Cara Amiga,
Em sua última carta dizia-me que
tinha se relacionado com um rapaz quando tinha 31 anos, que foi sua primeira
experiência amorosa e sexual, e que até hoje aos 63 anos, ainda o amava e
perguntava-me: é possível tamanha paixão transformar-se em amor e guardar por
tanto tempo tamanho vigor?
Afirmo-lhe que sim, desde que esta
relação fosse compartilhada a dois, que vocês tivessem o mesmo grau de
investimento nesse relacionamento e que juntos levassem uma vida ativa e nova,
aventurosa e interessante, que descobrissem coisas diferentes e que lutassem juntos
diante todas as dificuldades exteriores – ombro a ombro por um projeto comum.
Viveriam os obstáculos e criariam solidariedade numa ação comum, onde juntos
quereriam aquilo que interessava a cada um e a ambos.

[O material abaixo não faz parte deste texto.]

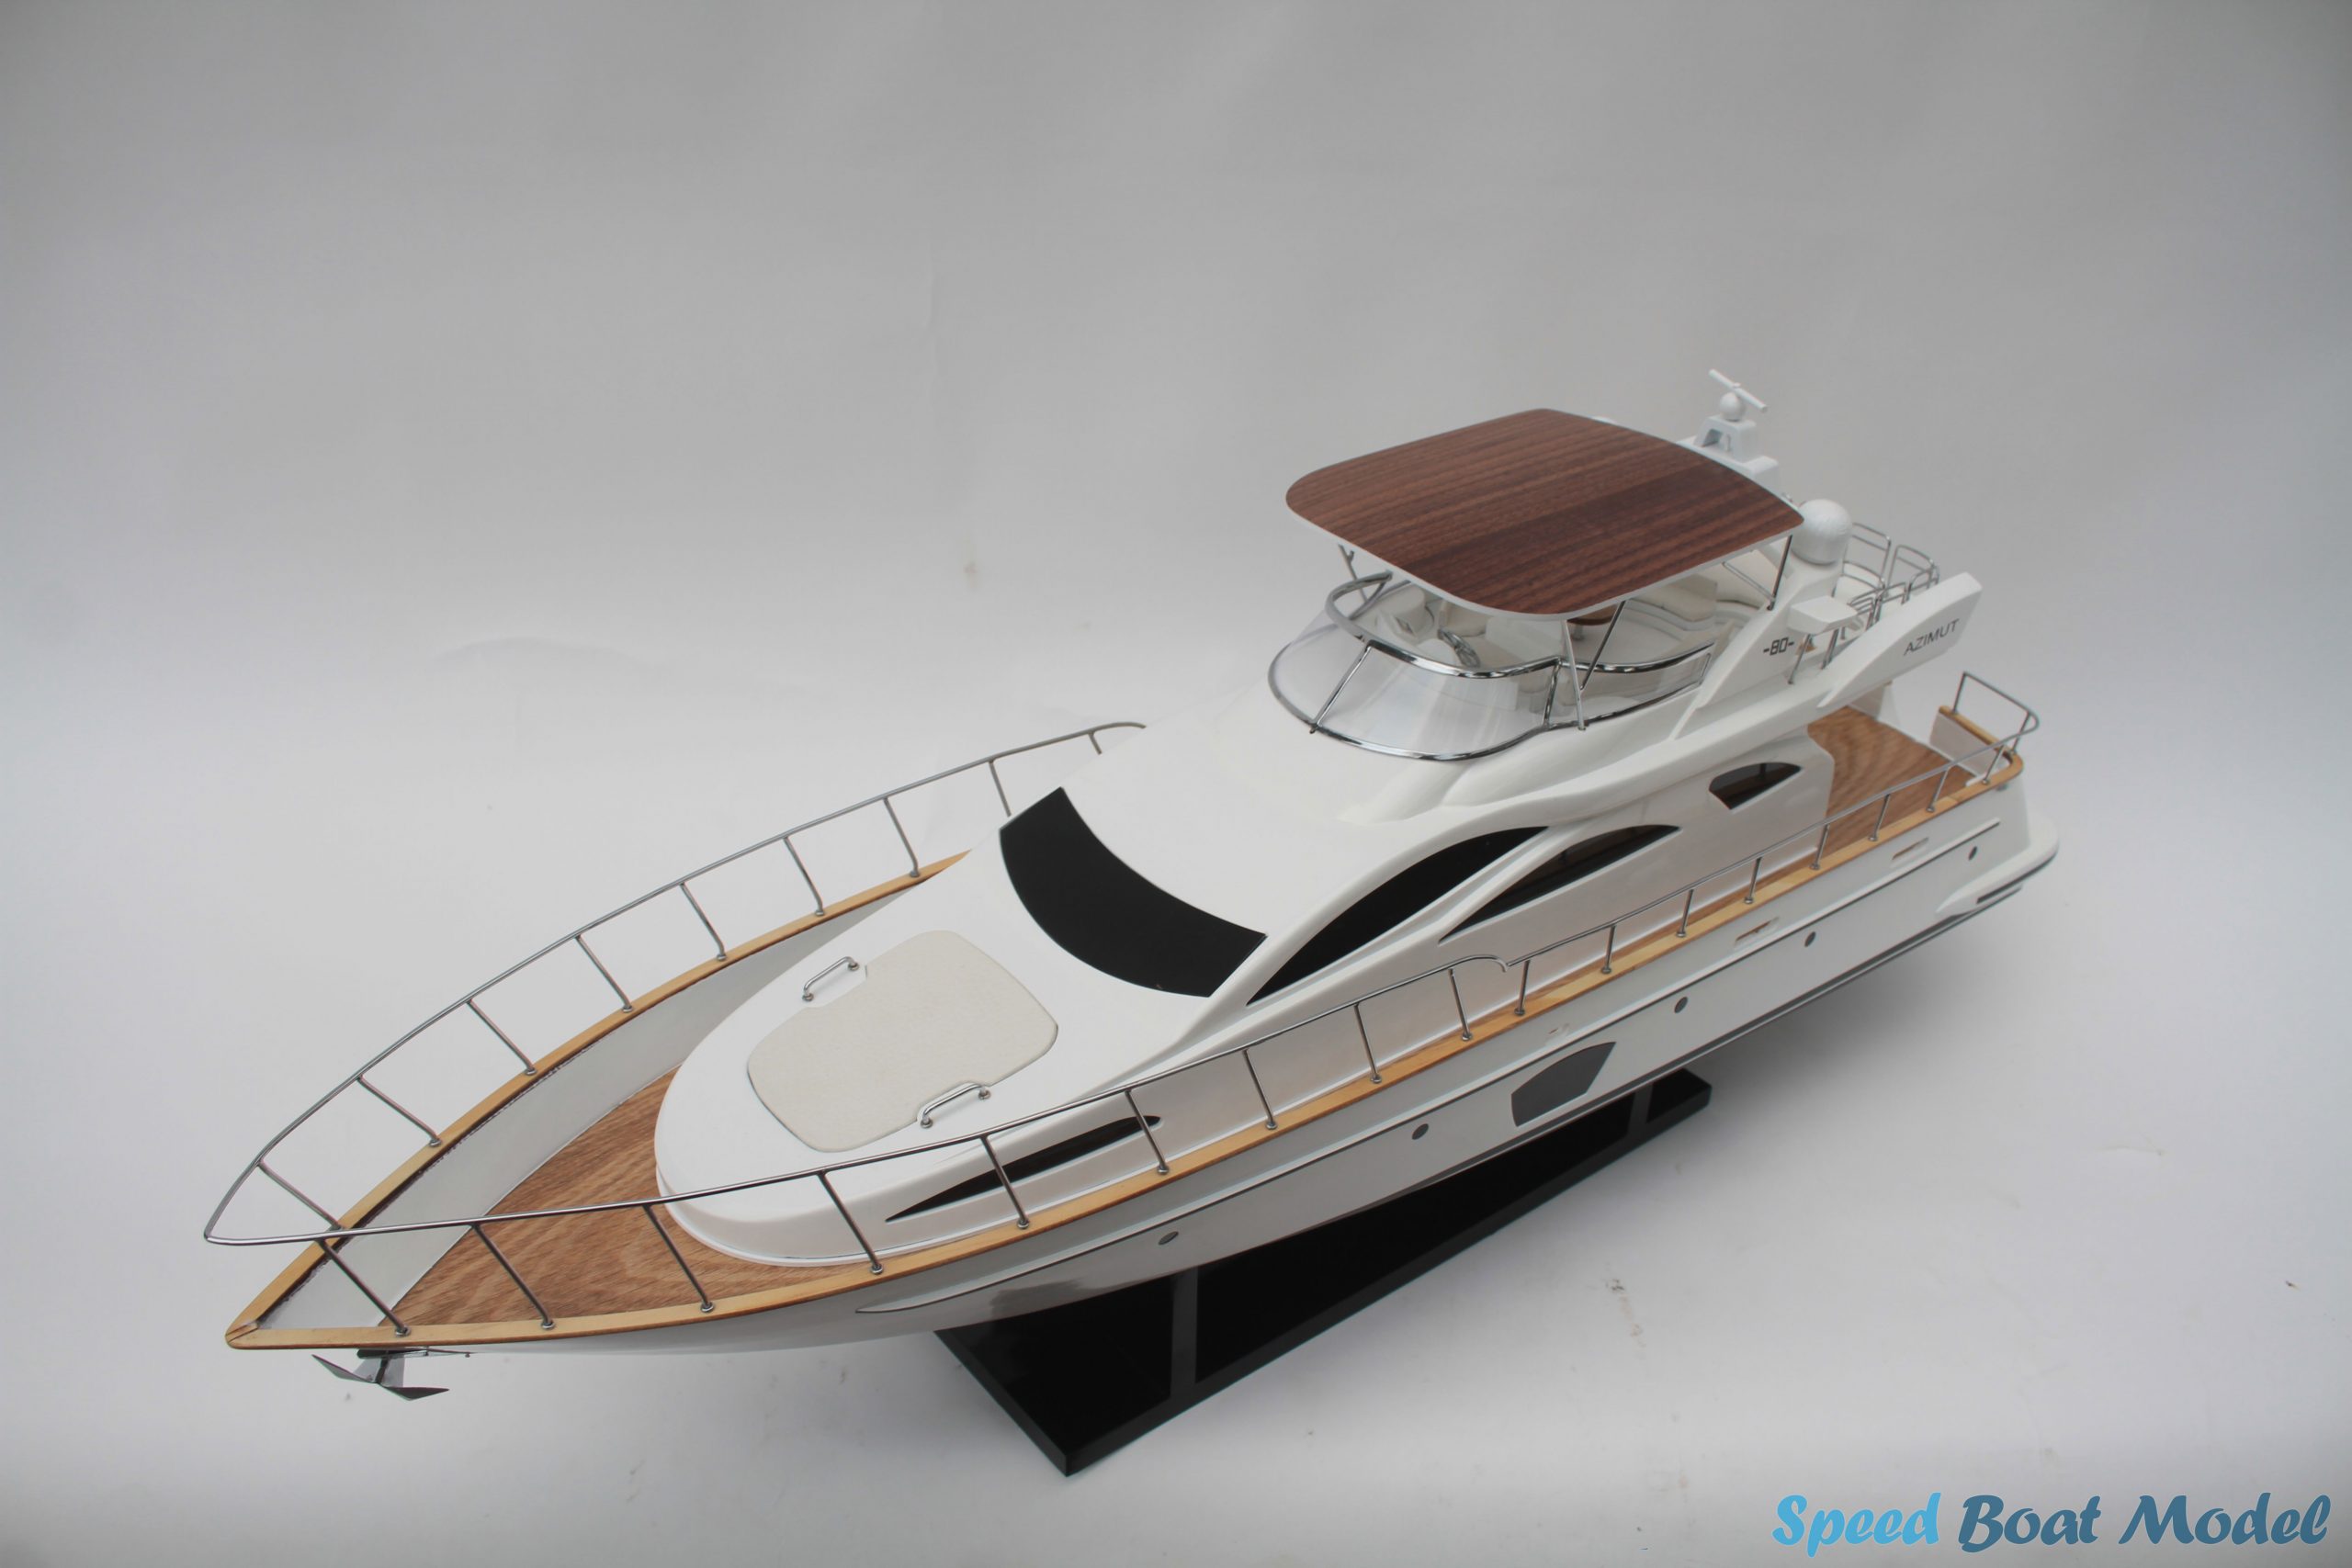 Azimut 80 Modern Yacht Model (Option 2) 33.5"

É como, elaborar novos
itinerários, pois repetir passos idênticos, experiências já provadas,
dificuldades conhecidas, já imaginadas e vividas seria totalmente destrutivo a
paixão, seria saborear um alimento sem tempero. Logo, ter novas experiências
juntos é a chave do enamoramento, uma eterna viagem de núpcias.
Sabe amiga, estar enamorada é uma
exploração possível, a pessoa pela qual nos envolvemos constitui para nós uma
modalidade com que modificamos radicalmente a nossa experiência cotidiana.
Enamorados, nos sentimos mais vivos, capazes de construir coisas novas,
fantasiosas, faz-nos entrever uma vida rica, mais alegre e fascinante, cheia de
emoções intensas, de coisas maravilhosas, de descobertas constantes e até mesmo
de riscos. Afinal Clarice Lispector em sua crônica chamada “Mude” já afirmava:
“repito por pura alegria de viver: que a salvação é pelo risco, sem o qual a
vida não vale a pena!”.
Contudo, o nosso cotidiano surge
pouco a pouco como uma renúncia a tudo isso, para transcendê-lo é necessário à
reafirmação do imaginário, da fantasia sobre a realidade vivenciada. Mas não
esqueça é uma viagem em conjunto, que requer que a iniciativa seja de ambas as
partes, pois exigem de nós o enfrentamento de duras penas, descobertas e
confrontos, numa continua reinterpretação do mundo e reexame do passado. Há
quem encare como luta, outros como poesia, ou simplesmente como a capacidade de
se maravilharem consigo mesmos, procurando sem cessar, não o que dá segurança
ou o que já se conhece, mas o desafio, a criação e a beleza. Todavia, a viagem
exterior é apenas a ocasião, o instrumento para uma longa e continua viagem
interior, assim como, a viagem ao interior é um estímulo para a viagem
exterior.
A vida, mui amiga querida, cria o
encontro, os projetos, as provas, as ocasiões. Precisamos nos mover nessa
correnteza com uma pequena canoa em meio à tempestade, embora não sejamos nós
que fazemos as ondas e nem a modificamos. Podemos atravessar o mar, com alegria
ou fadiga, ou com ambas, e chegar à margem, ou também não chegar. Quem sabe,
mais do que uma arte do amor ou do apaixonamento, seja necessário sabermos que
se trata de fazermos escolhas, cada vez mais e mais conscientes da nossa
humanidade, o que nos torna humildes e menos onipotentes ante a vida.